市民社会と企業がどのように連携するか、という点については、「市民という言葉自体が、企業側から見た時に、まだ企業言語になっていない」という指摘があり、これに対しては「『言葉』が違うのだから、乗り越えるには多くの熱量が必要で、対話を重ねることが大切」「対話だけではなく、企業へのサポートを通して実践を重ねていくことで、お互いの話を聞こう、という信頼関係が醸成できるのではないか」との意見が出ました。
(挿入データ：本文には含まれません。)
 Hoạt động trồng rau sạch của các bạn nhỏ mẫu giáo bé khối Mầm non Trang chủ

また、THINK Lobbyから、CSJプロジェクトのひとつとして、「ソーシャルジャスティス・セルフチェックリスト」を作成中であることが伝えられました。リサーチャーの敦賀和外氏は、「企業が、公正な社会の実現に向けて自社の取り組みがどんな状態にあるのかを自己点検するためのツールで、全部できているかどうかが重要なのではなく、『できていないところ』を自ら確認することが重要という考え方で作っている」と、説明しました。
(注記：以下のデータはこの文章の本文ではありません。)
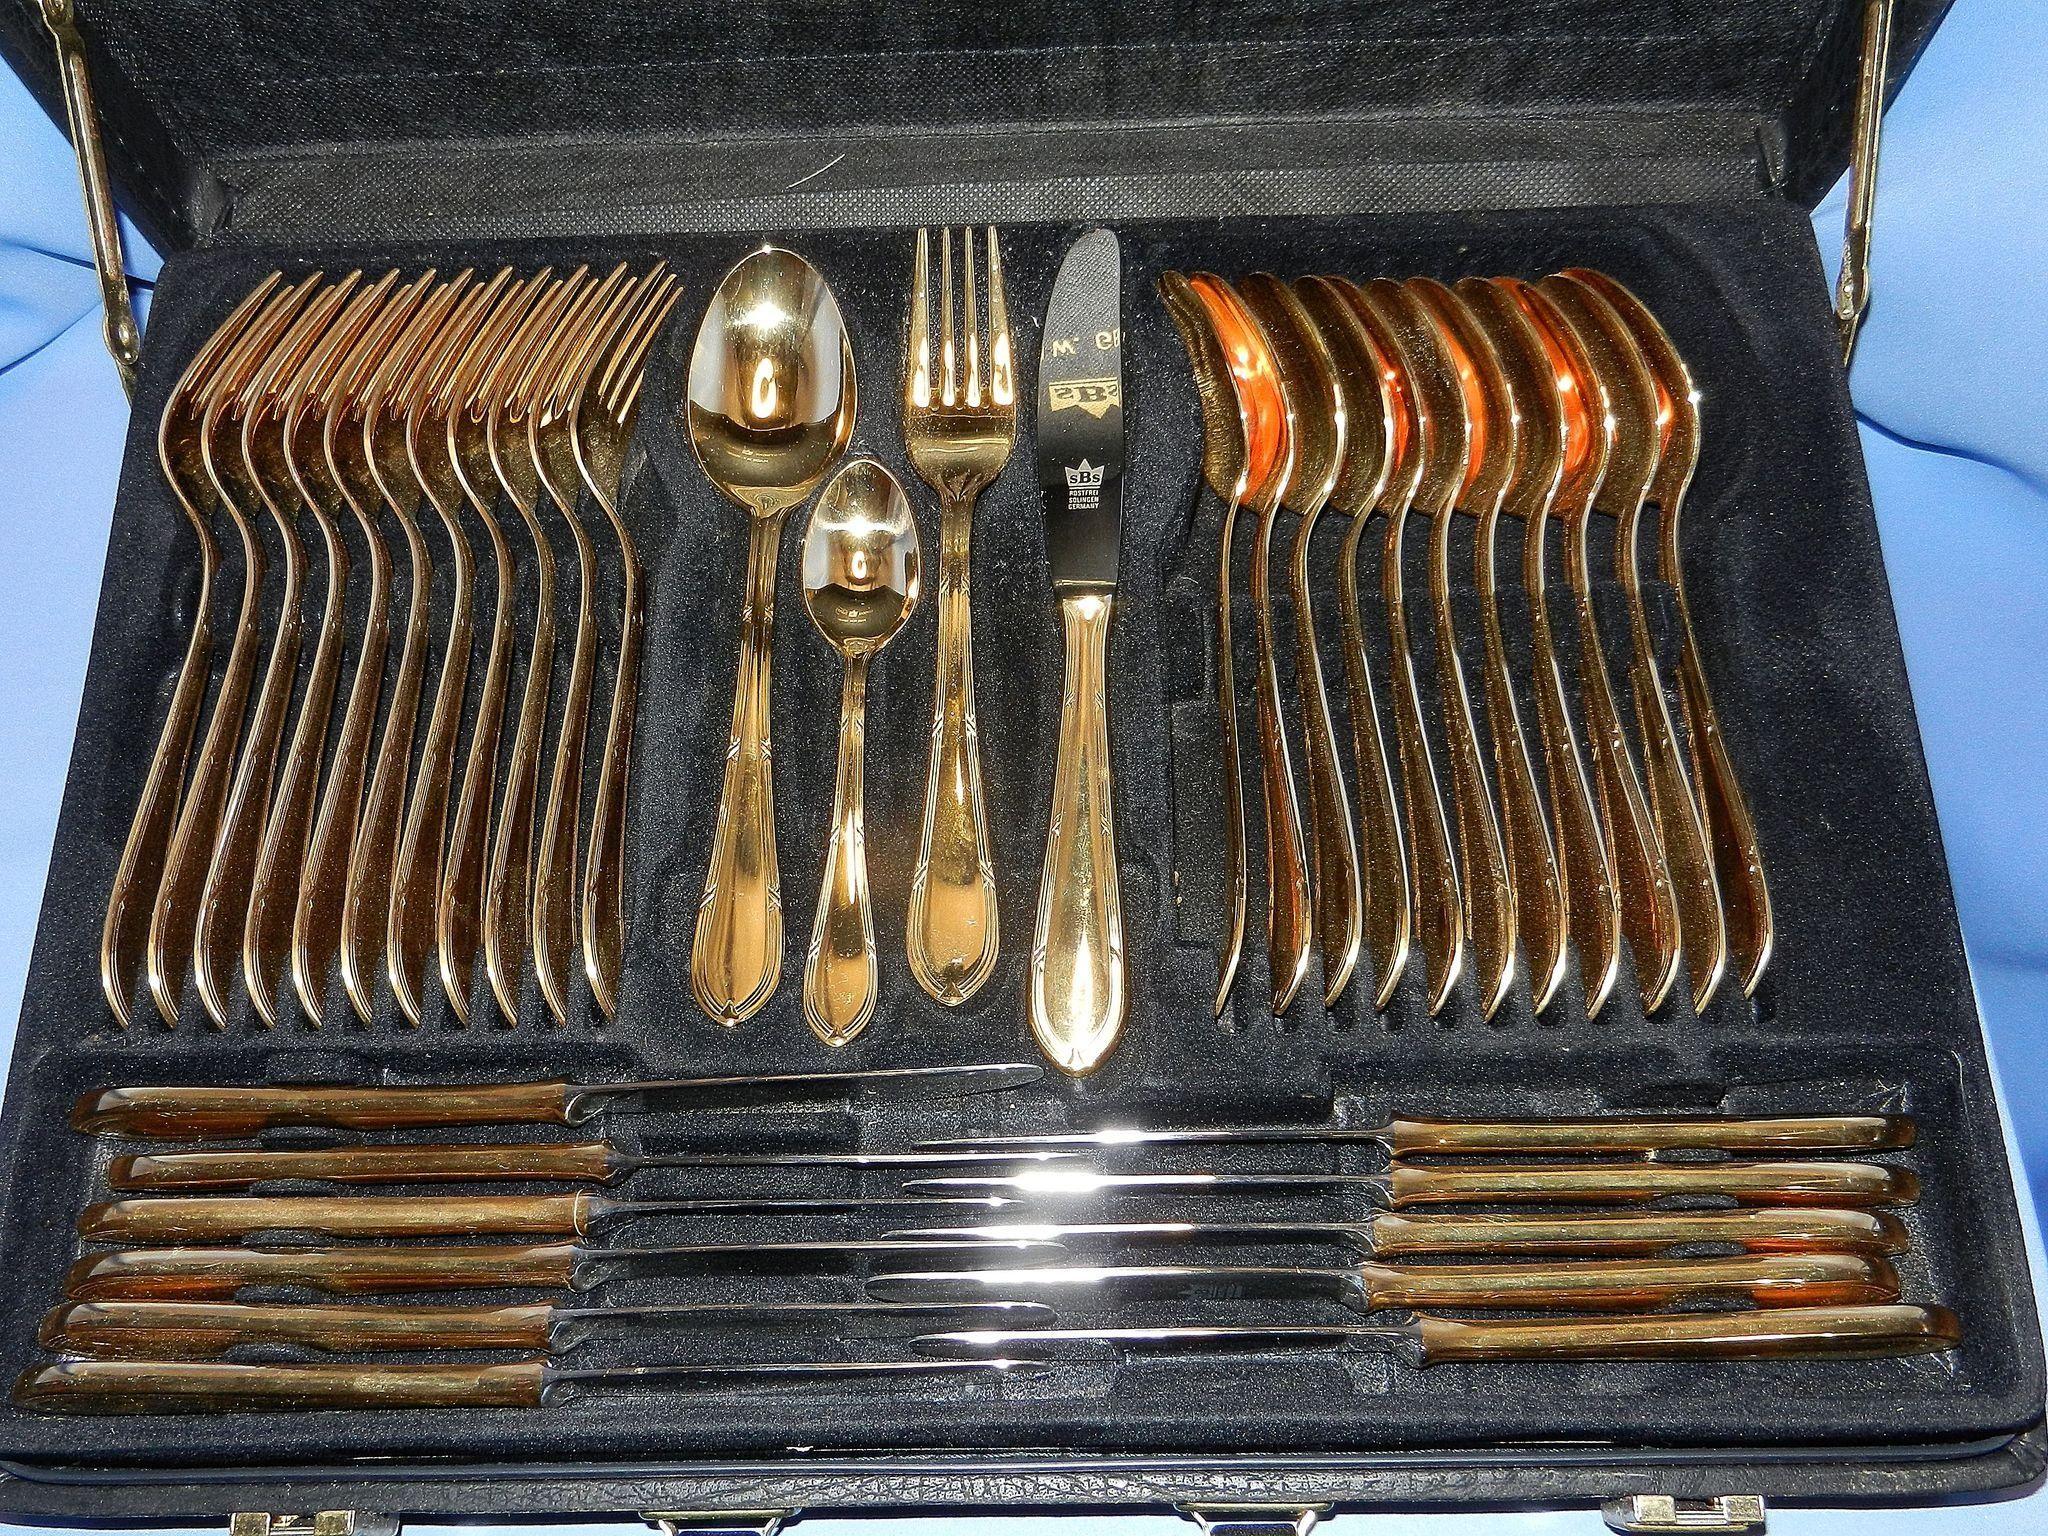 Vintage Besteck Solingen Germany 23/24 Kt Gold Plated Cutlery Set ...

これに対しては、「企業側の担当者に、チェックリストの本来の意味を正確に分かってもらう工夫が必要だ」という指摘がありました。THINK Lobbyの若林氏は、「チェックリストは、こちらから押し付けるものではなく、自らチェックを望む企業が、NGO等のステークホルダーと対話しながら進めてもいい。どこから始めるかということについては魔法はない。気が付いた人から始めてもらうことで輪が広がっていくことを期待する」との考えを示しました。またCSJプロジェクトにも参加している佐藤氏は、「企業には100点満点をとらなくてはいけない、という思いが強いが、どの企業においても課題は必ずある。また、企業内にも必ず社会課題に関係するアクターがいるので、その声を聴く場を設けることにつながる。セルフチェックをきっかけに、そんな動きが出ればいいなと思っている」と、述べました。

2時間に及ぶ議論では、様々な課題が浮き彫りになりました。若林氏は「企業が公正な社会の実現に取り組むことは、公器として課題を解決する責任があるということのほかに、ビジネスにとっても良い環境となったり、ビジネス機会を創出することにもつながったりするだろう。公正な社会の実現は政府がやるもの、という考え方を捨てて、企業も市民も社会の一員として共に取り組む新しいスタートにしたい」と、述べました。